Gli affari nel petrolio e i legami con le compagnie italiane
Non è quindi la politica a legare la famiglia Uss all’Italia. Anzi, sono soprattutto gli affari economici. Se si tralascia il fatto che Alexander Uss è tra i proprietari dell’hotel Don Diego, sulla Costa Dorata, in Sardegna, quando si parla di affari, in Russia, il riferimento è soprattutto a quelli nel campo delle materie prime. E qui gli Uss fanno la parte dei padroni: Artem Uss non è solo azionista di maggioranza della Sibugol llc, una società che estrae e vende carbone grazie soprattutto a commesse pubbliche, ma detiene anche parti di altre aziende e del programma Vostok Oil. Si tratta, come scrive Repubblica, del più grande progetto di sviluppo petrolifero del mondo, con un valore da circa mille miliardi di dollari. E a inventarlo sono stati proprio il padre dell’uomo fuggito alla giustizia italiana e il Ceo di Rosneft, Igor Sechin, uno degli uomini più vicini a Vladimir Putin.

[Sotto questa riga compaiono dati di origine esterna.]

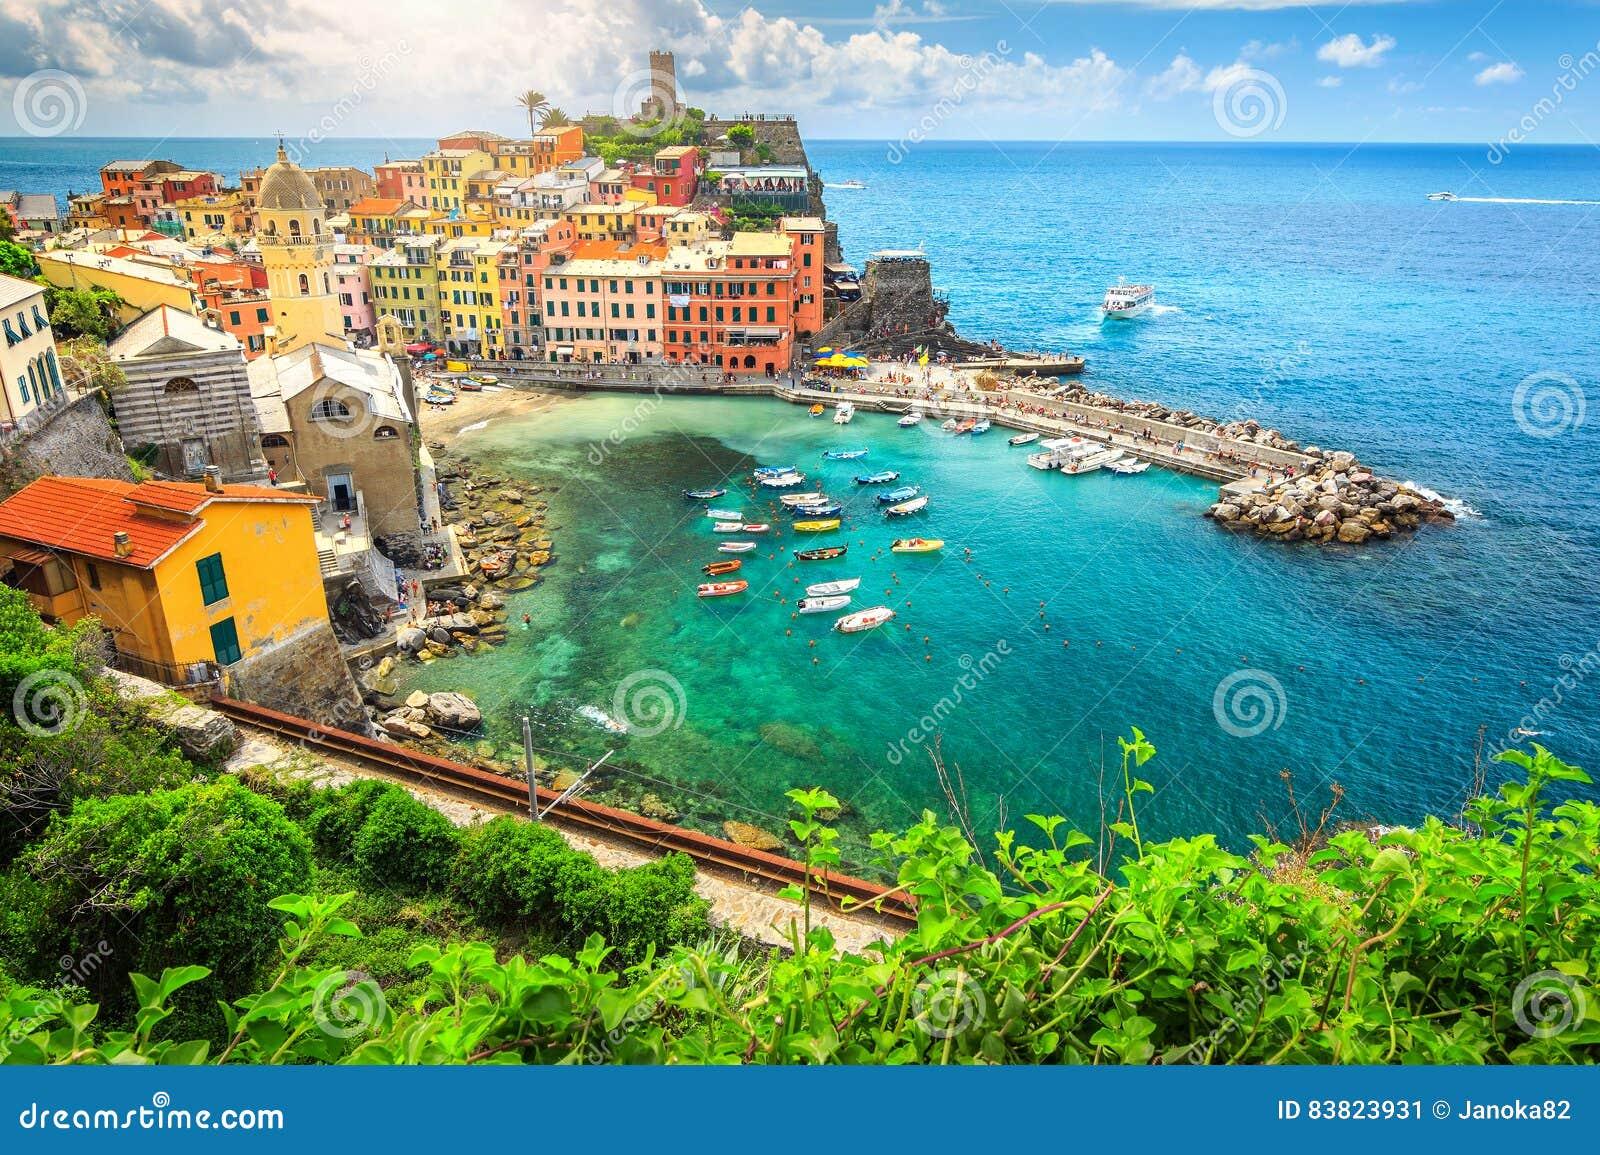 Amazing Vernazza Village And Stunning Sunrise, Cinque Terre, Italy ...

Vostok Oil è anche il vero anello di congiunzione tra la famiglia di oligarchi e l’Italia. Prima dell’invasione dell’Ucraina, tutte le grandi aziende nostrane hanno cercato di mettere le mani sul progetto russo. Fu il direttore generale per la promozione del Sistema Paese del ministero degli Esteri, l’ambasciatore Enzo Angeloni, che nel 2020 prospettava “importanti ricadute per numerose imprese del nostro Paese. Vostok Oil prevede la costruzione di 15 città industriali, due aeroporti, un porto, 5.500 chilometri di strade e ponti”. Putin in persona ne parlò con gli imprenditori della Camera di commercio italo-russa, con la milanese Maire Tecnimont che veniva indicata come vincitrice della commessa da 1,1 miliardi per la costruzione di una raffineria. Tutti affari che sarebbero stati vagliati proprio da Alexander Uss che avrebbe dovuto incontrare personalmente rappresentanti di compagnie come Eni, Danieli e Saipem. Ma secondo il quotidiano fondato da Eugenio Scalfari, il principale artefice della presenza italiana in Vostok Oil è sempre stato Antonio Fallico, compagno di classe di Marcello Dell’Utri, uomo di Fininvest in Russia dalla fine degli anni Ottanta e il banchiere che può essere considerato il punto di collegamento tra le aziende italiane e la Federazione. Fallico è soprattutto l’uomo delle fortune di Banca Intesa a Mosca. I rapporti tra l’istituto italiano e Rosneft sono radicati: “Nel 2016 – scrive Repubblica – ha partecipato alla privatizzazione del colosso energetico russo e l’anno dopo ha guidato un pool di banche che ha finanziato con 5,2 miliardi di euro l’acquisto del 19,5% delle quote. Un’operazione così importante per il Cremlino da avere convinto Putin a consegnare onorificenze di Stato ai vertici dell’istituto”.